[DATA EXTRACT]
*** Begin section ***

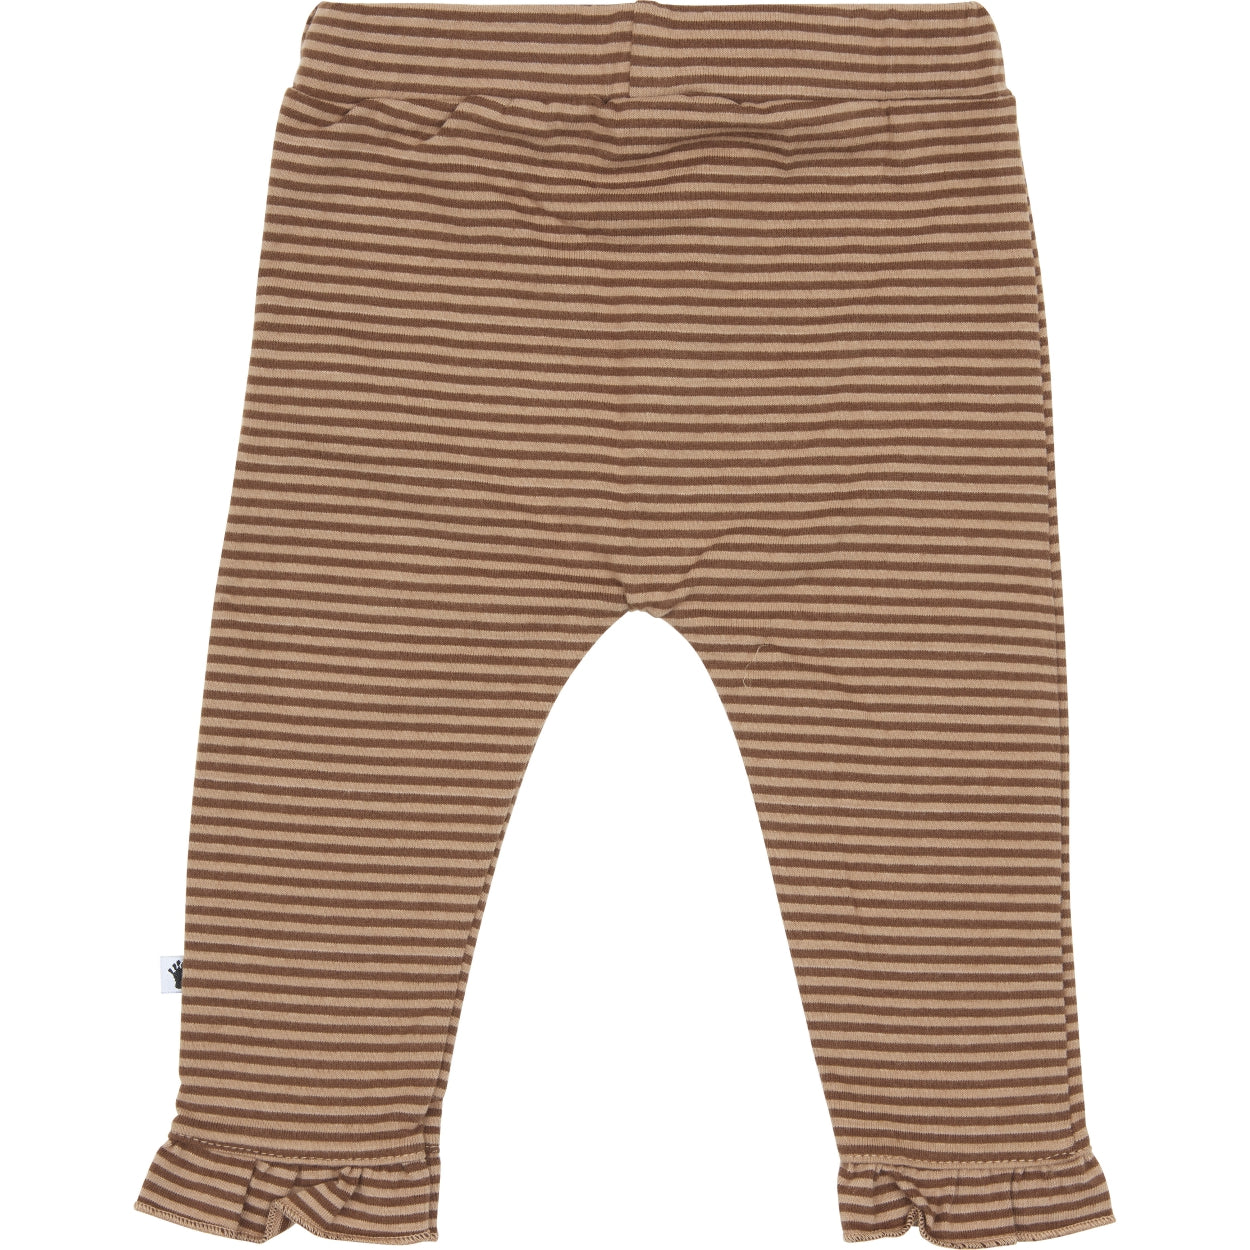 Meisjes Trouser Ruffle van Klein Baby in de kleur Stripe Burro/Rawhide in maat 86.
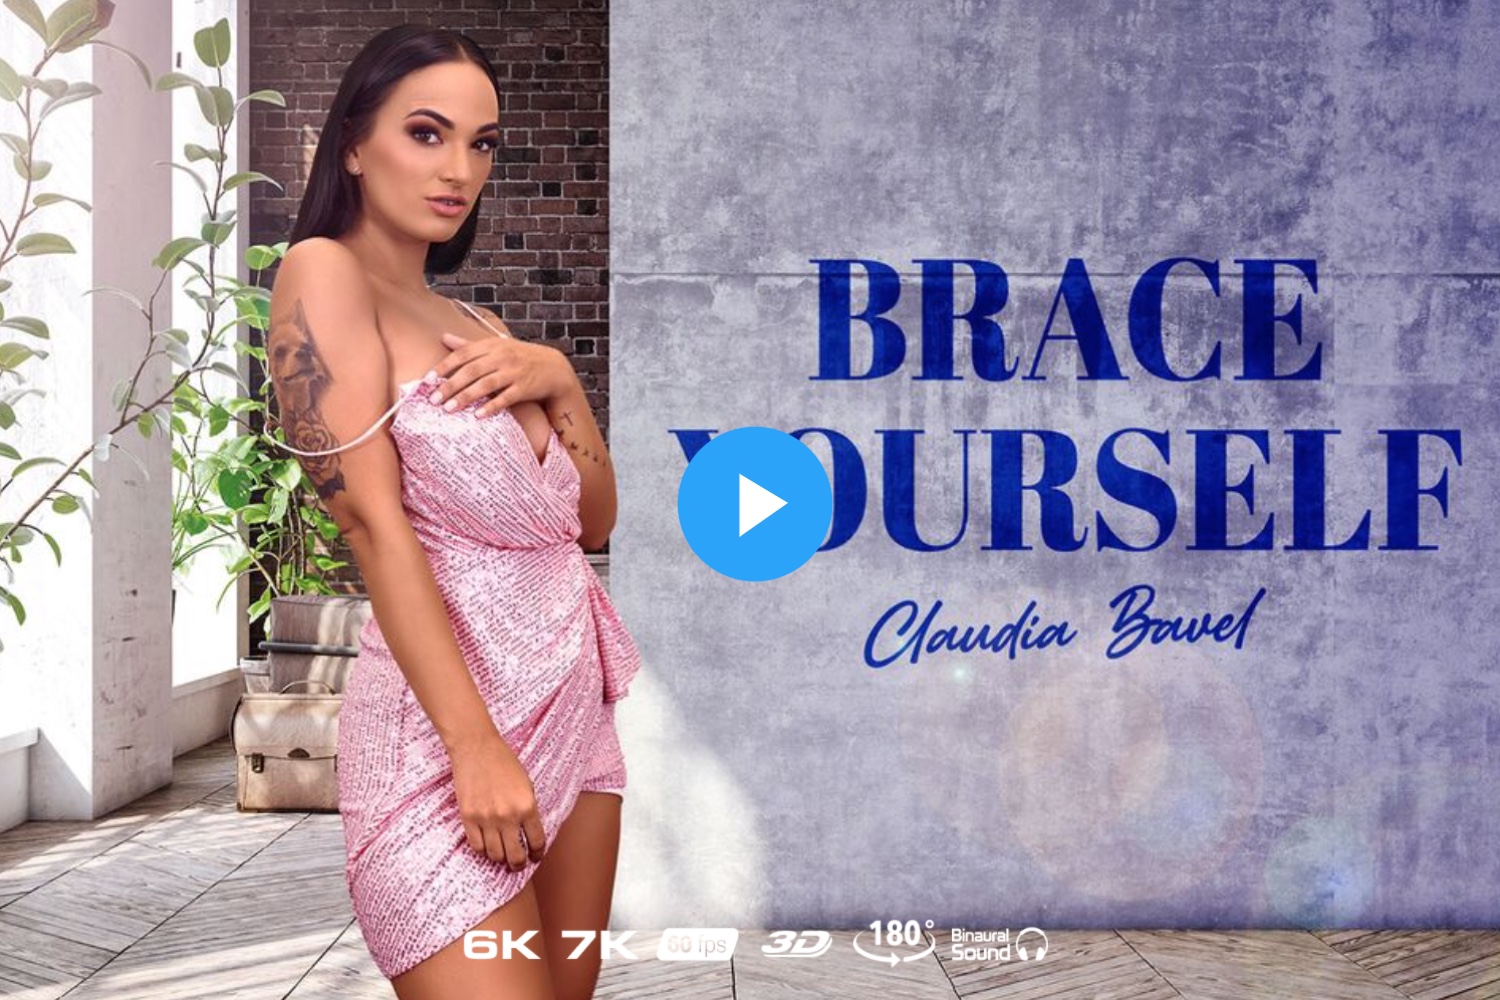 Brace Yourself - Claudia Bavel VR Porn - Claudia Bavel Virtual Reality Porn
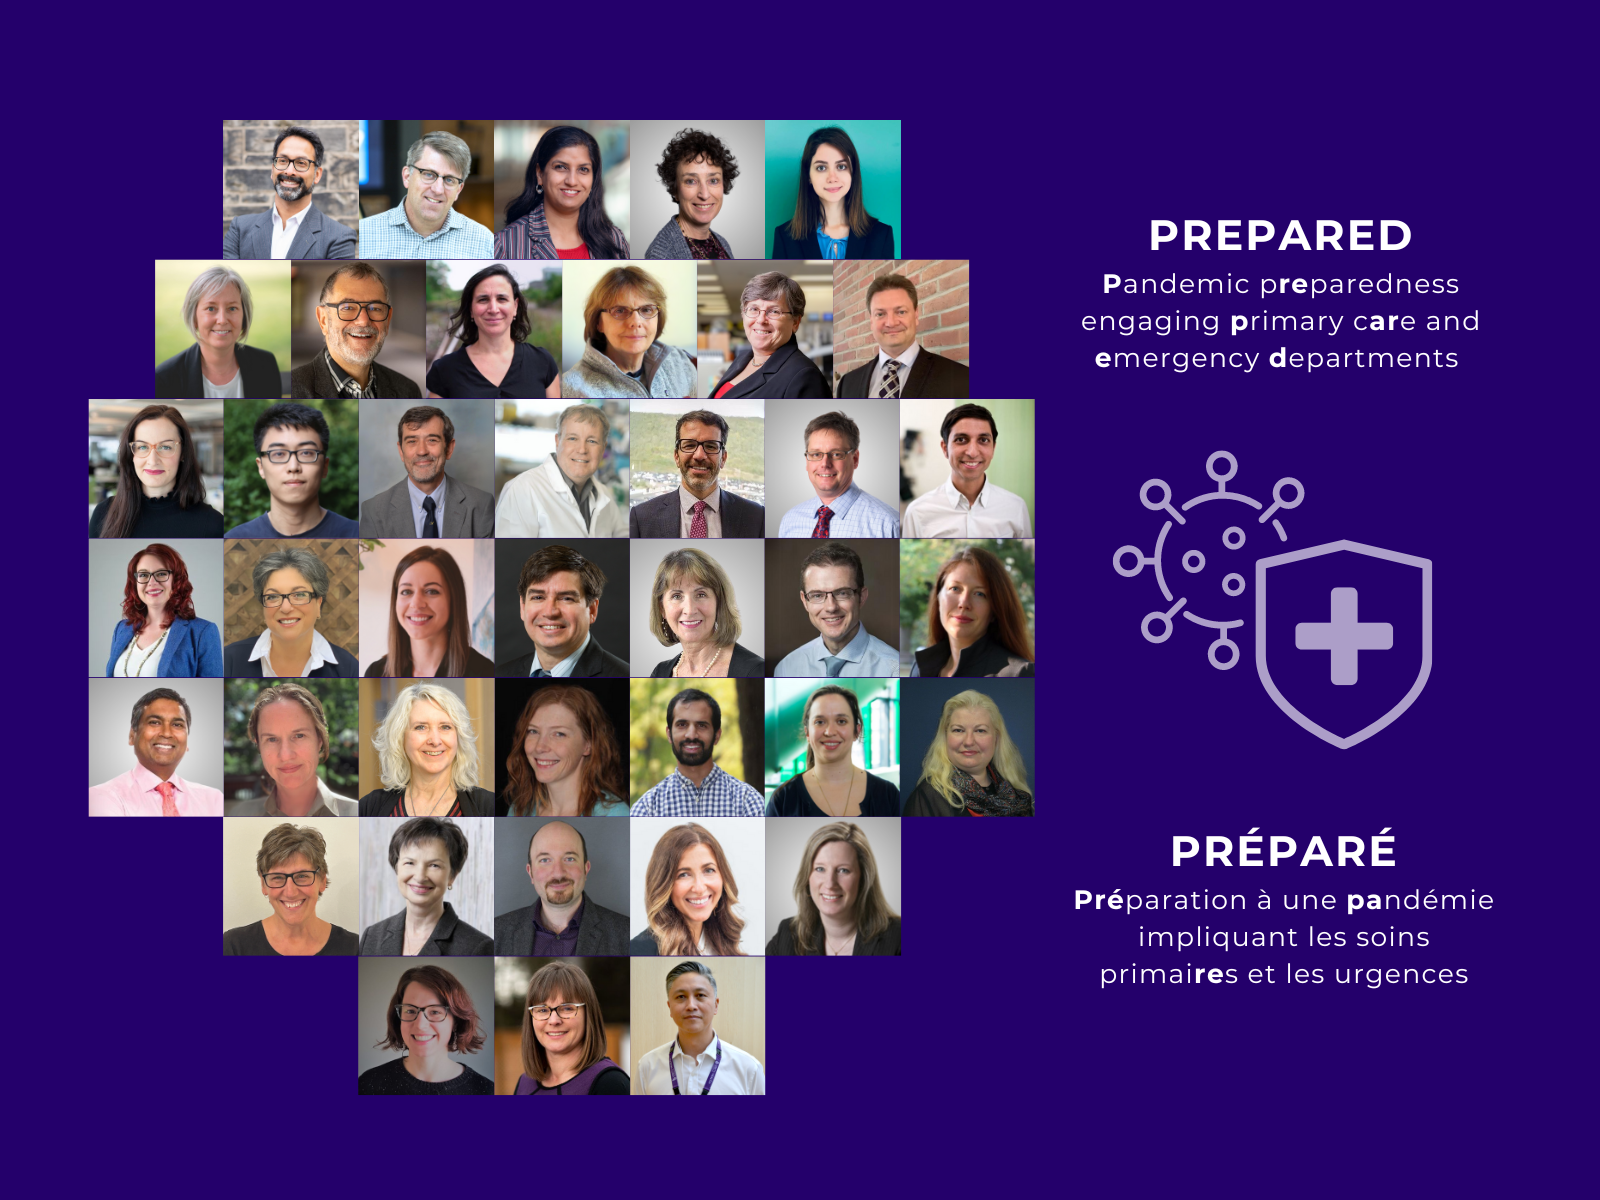 PREPARED team members and partners

*** End section ***

Would you reproduce the lines above exactly, without carrying over the pictures?

 Meisjes Trouser Ruffle van Klein Baby in de kleur Stripe Burro/Rawhide in maat 86.
 Brace Yourself - Claudia Bavel VR Porn - Claudia Bavel Virtual Reality Porn
 PREPARED team members and partners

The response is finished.